__Stored data__.
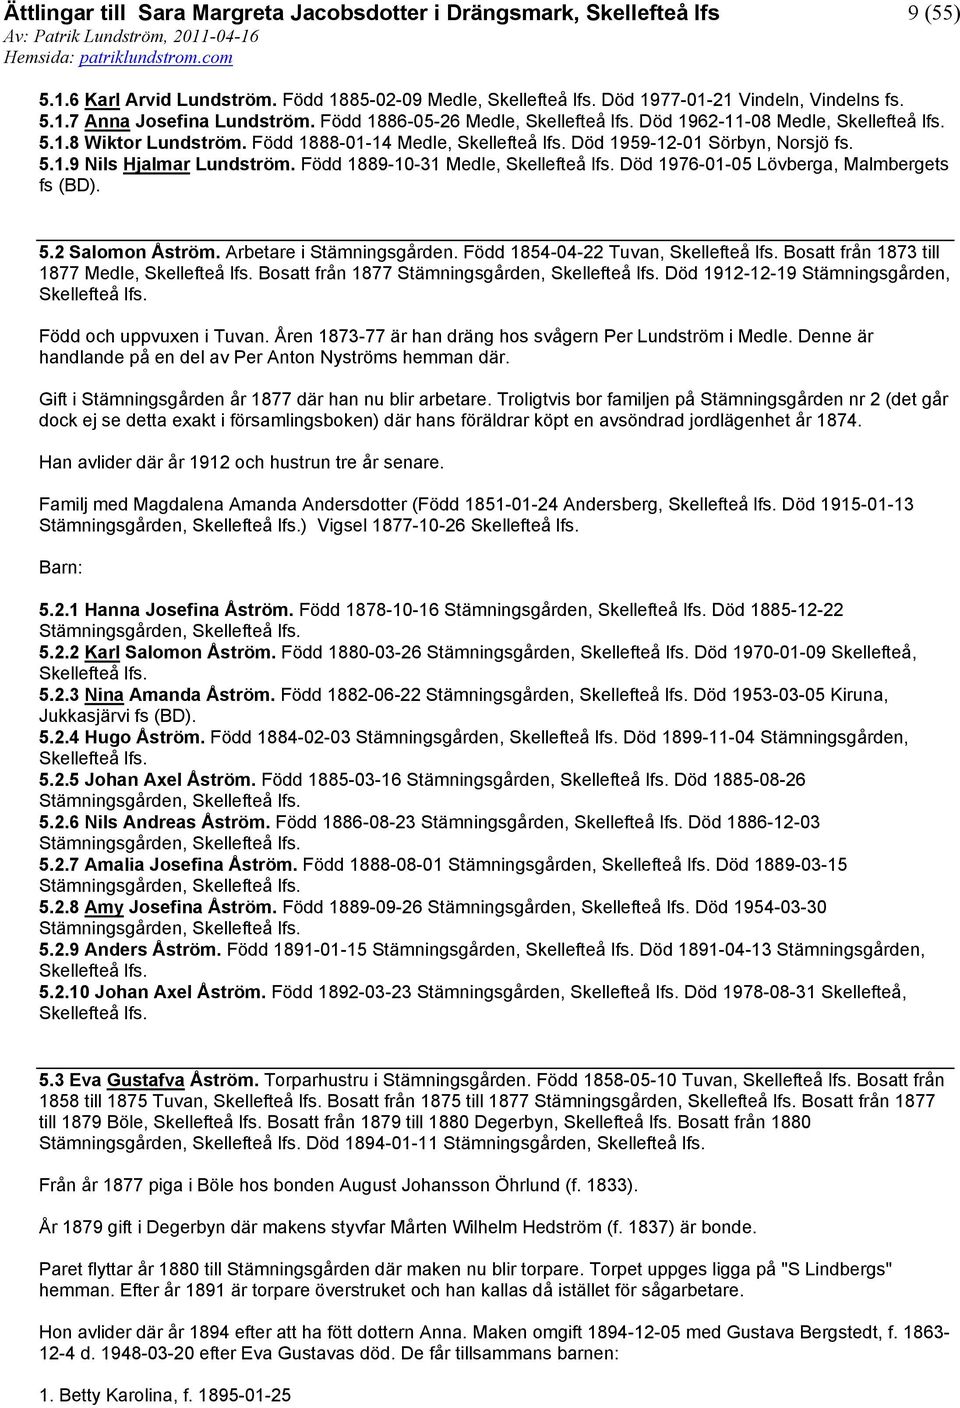 Arbetare i Stämningsgården. Född 1854-04-22 Tuvan, Bosatt från 1873 till 1877 Medle, Bosatt från 1877 Stämningsgården, Död 1912-12-19 Stämningsgården, Född och uppvuxen i Tuvan.
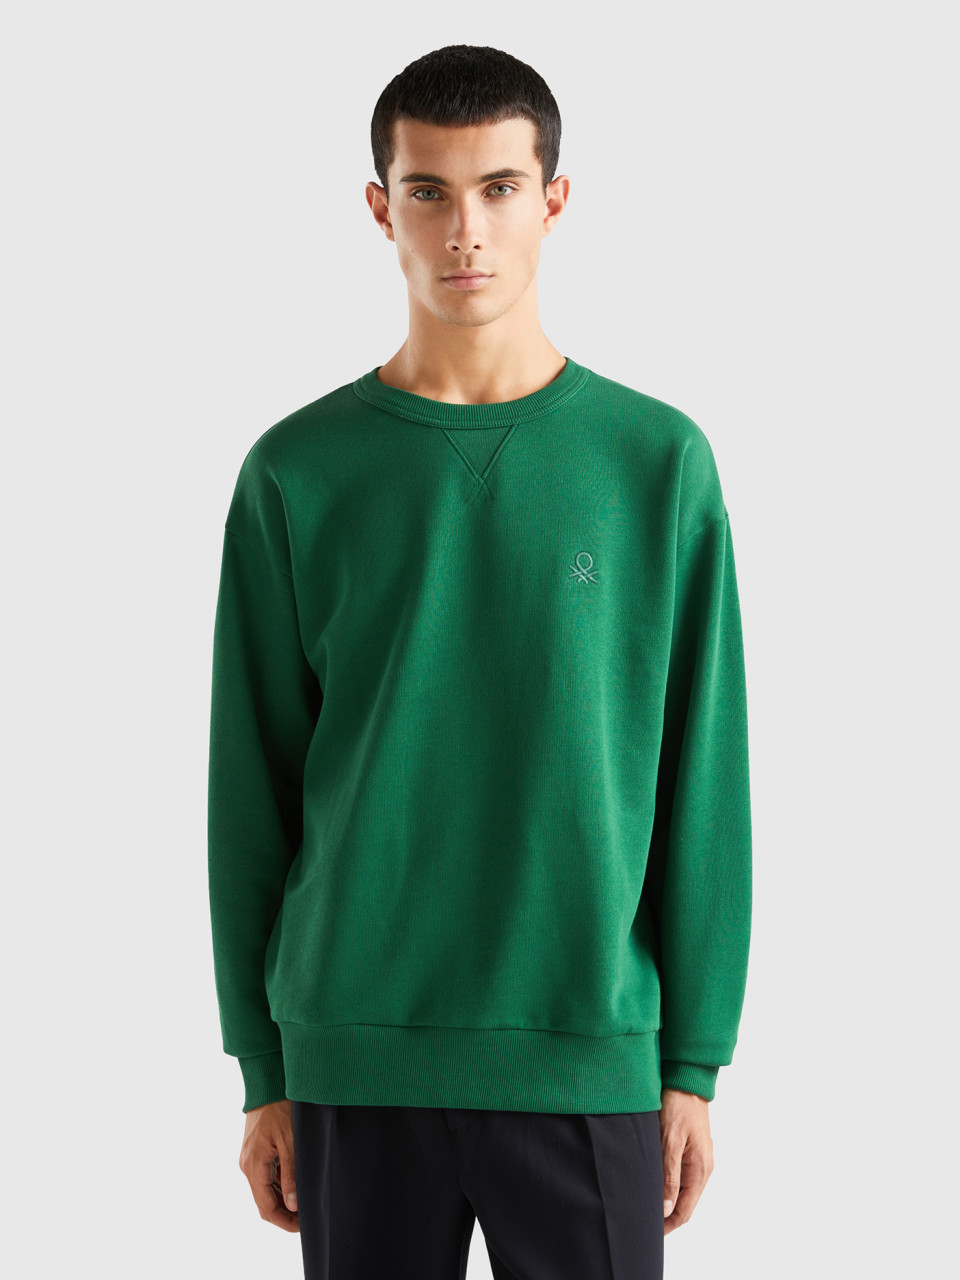 Benetton, Warmer Rundhals-sweater, Grün, male
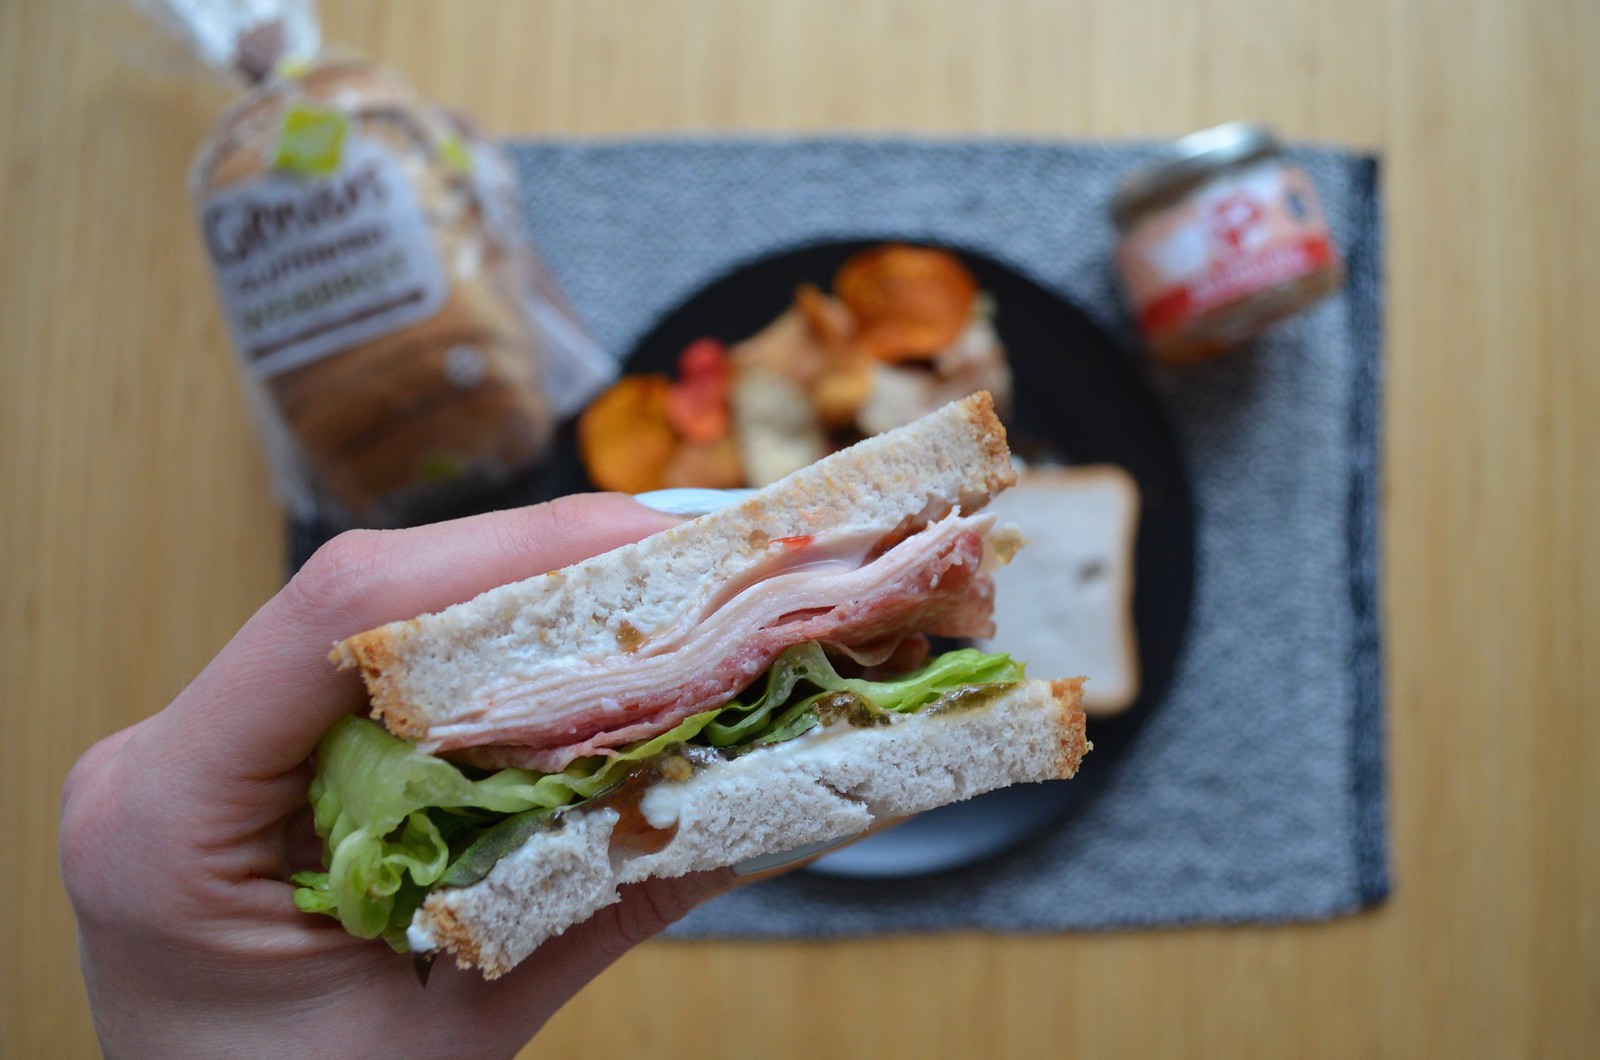 Genius Gluten Free bread in Germany review Weissbrot sandwich

__Your assignment__. When you copy the data, keep every line exact and drop the pictures.

__Answer space__.
 Arbetare i Stämningsgården. Född 1854-04-22 Tuvan, Bosatt från 1873 till 1877 Medle, Bosatt från 1877 Stämningsgården, Död 1912-12-19 Stämningsgården, Född och uppvuxen i Tuvan.
 Benetton, Warmer Rundhals-sweater, Grün, male
 Genius Gluten Free bread in Germany review Weissbrot sandwich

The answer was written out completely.